Sellers who have done pre-diligence preparation walk into this period with documented responses. Sellers who have not walk in blind. The difference in outcomes is measurable: pre-diligence-ready sellers retain an average of 5-8 percentage points more of their LOI headline multiple at close (Axial 2024).
Frequently asked questions
What is a quality-of-earnings report?
A quality-of-earnings (QoE) report is a financial analysis commissioned by buyers during diligence to assess the reliability, sustainability, and accuracy of the seller's reported earnings. It evaluates EBITDA adjustments (addbacks), revenue recognition practices, working capital, and one-time items. QoE findings frequently result in EBITDA adjustments that reduce the final purchase price.
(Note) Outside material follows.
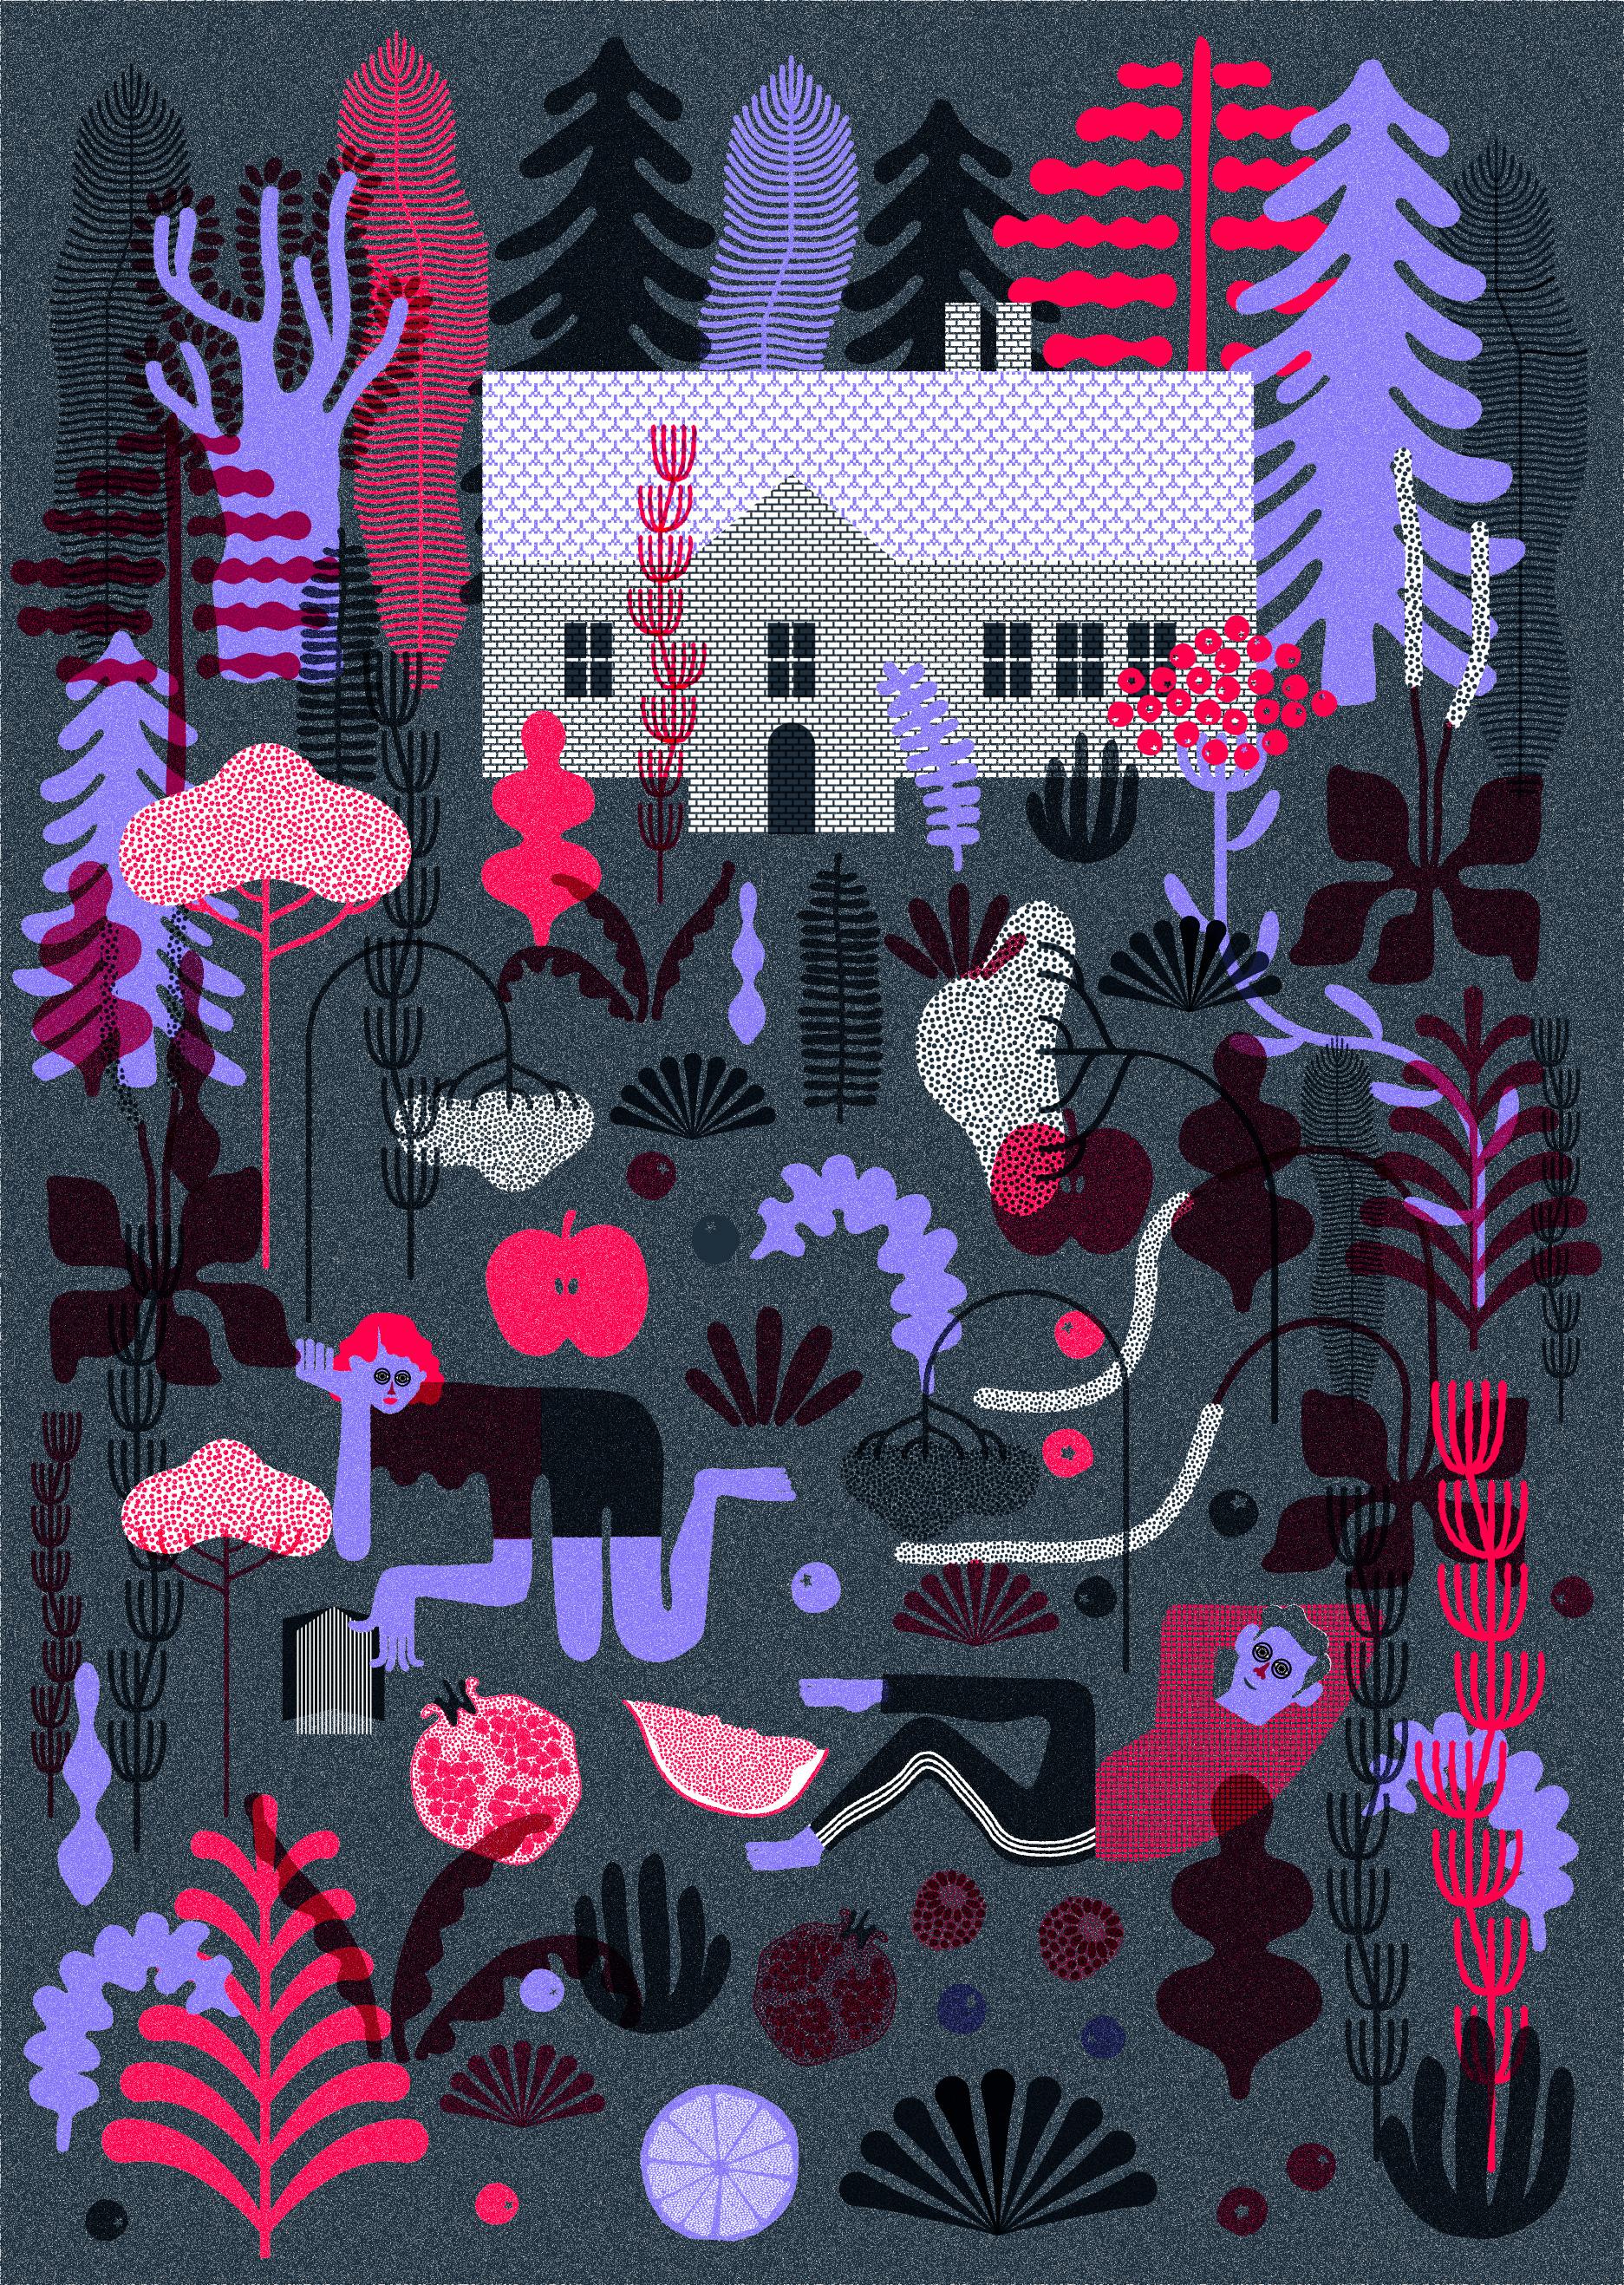 Julia-Schwarz-Illustration_forest_Zeichenfläche 1 Kopie

How long does post-LOI diligence take in the lower middle market?
Diligence typically runs 60-90 days post-LOI for lower middle market transactions. Timeline extension -- due to missing documents, delayed responses, or complex findings -- gives buyers additional leverage and creates seller fatigue that can be exploited in the final negotiation.
What is the most common cause of post-LOI price reductions?
Quality-of-earnings adjustments for unsupported addbacks are the most frequently cited cause of post-LOI price reductions. Owner dependency and customer concentration are the most common structural findings used to justify escrow and earnout restructuring rather than outright price cuts.